【日経新春杯(日曜=15日、京都芝外2400メートル)稲富菜穂のだいじょばない】どうも、稲富菜穂です。先週、いとこたちと一緒に競馬を楽しんでプラス収支で終われました。このハッピーな流れを断ち切るまい!と、トレセン取材再開に気合を入れていたら、イレ込みすぎて少し風邪気味になってしまいやした。ズビッ。今週は日経新春杯をドーンと当てて“鼻セレブ”をたくさん買い占めることに決定です。

 とはいっても、ハンデ戦がとても苦手で、いつも最後まで女々しく悩んでしまいます。まずは斤量(53キロ)が軽くて魅力的なシャケトラについて、鞍上の浜中騎手の話に小耳をダンボにしてきやした。

「もともとポテンシャルのある馬ですし、馬格も、瞬発力も、パワーもある。まだキャリアは4戦だけど、走るごとに成長していますね。2400メートルの距離で勝っている。京都は走ったことがないし、坂の下りも経験していませんが、器用な馬だから心配ないです」

 ぐぅぉぉっ! こっちは4戦どころか、コラムを書くようになって1年はたつのに。たった約2週間ぶりのトレセン取材にいつもの倍、緊張している私に突き刺さる素晴らしいコメント…。

「今後の飛躍を期待している馬。相手は強くなりますが、どこまでやれるか、楽しみです」

 浜中騎手の期待度がとても分かる、すてきなお話に応援したい気持ちがフツフツと湧いてきちゃいました。

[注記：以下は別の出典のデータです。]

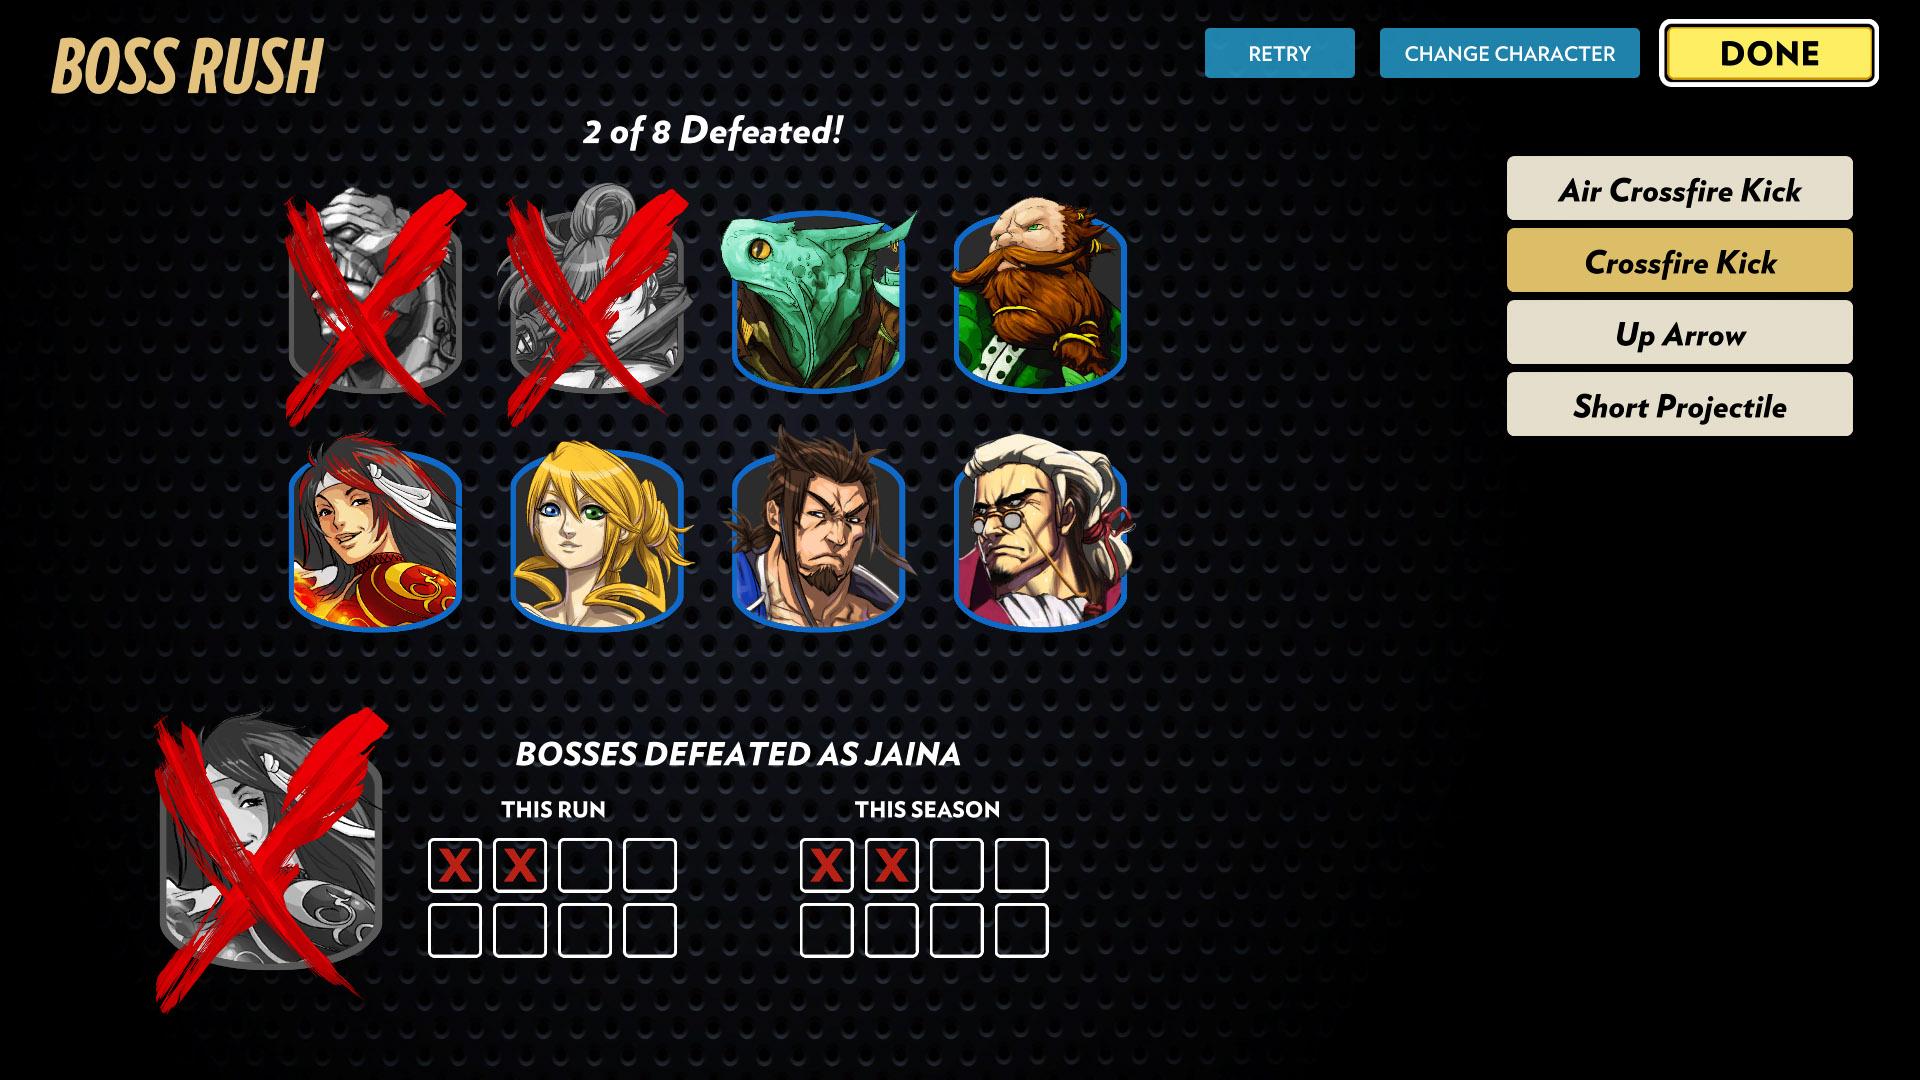 fantasystrike_bossrush_results_screen.jpg

 同世代でハンデ54キロのレッドエルディストは、菊花賞(9着)を最後に休ませて、今年頑張ろうと早いうちから決めていたんですって。管理する笹田調教師は「今週の追い切りで馬の反応を確認してもらおうとジョッキー(四位)に乗ってもらった。“反応は良かったし動きは悪くない”と。ほぼ整いましたね。この馬の持ち味を生かすにはこれくらいの距離が合ってるんじゃないかと思う。京都の坂の下りをうまく利用してエンジンをかけ、直線で素晴らしい末脚を出してくれればと思います」

 あぁ、聞くだけで、すごくイメージできる! 稲富の予想も整えなくちゃ!

 その菊花賞で5着とレッドエルディストに先着したミッキーロケットは55キロ。ここ2戦でコンビを組んでいる和田騎手は「神戸新聞杯(2着)で初めて乗った時、強い相手もいるなかであれだけの競馬をしてくれた。ホント自信になったよ。ただ課題はゲート。徐々に良くなってはいるけど、少し不安は残ってる」

 あ、今年初の“だいじょばない”コメントが出ましたか。でも続いて出た言葉は「乗り味はすごくいいし、一線級の馬になれる素質は十分感じていますから。2400メートルなら上手に競馬ができると思うし、まだまだ上を目指さないといけない馬だから、堂々とした競馬をしたい」。

 ズキュン。いや、ドッキューン! 力強いコメントにめっぽう弱くて…。私がロケット君なら、一緒に上へ目指せるように鼻水垂らしながらでも、めっちゃ頑張る!(何を言ってるんだ。妄想から帰ってこい)。トレセン取材の休み明けはダメだぁぁ…週末までに冷静さを取り戻して予想を決めたいと思います!

☆いなとみ・なほ=1990年12月16日生まれ。関西在住のタレントとして幅広く活躍し、現在はKBS京都の「競馬展望プラス」、ABC「おはよう朝日です」に出演中。彼女が取材した馬が激走することが多いことから、一部のトレセン関係者から「競馬界の女神」と呼ばれている。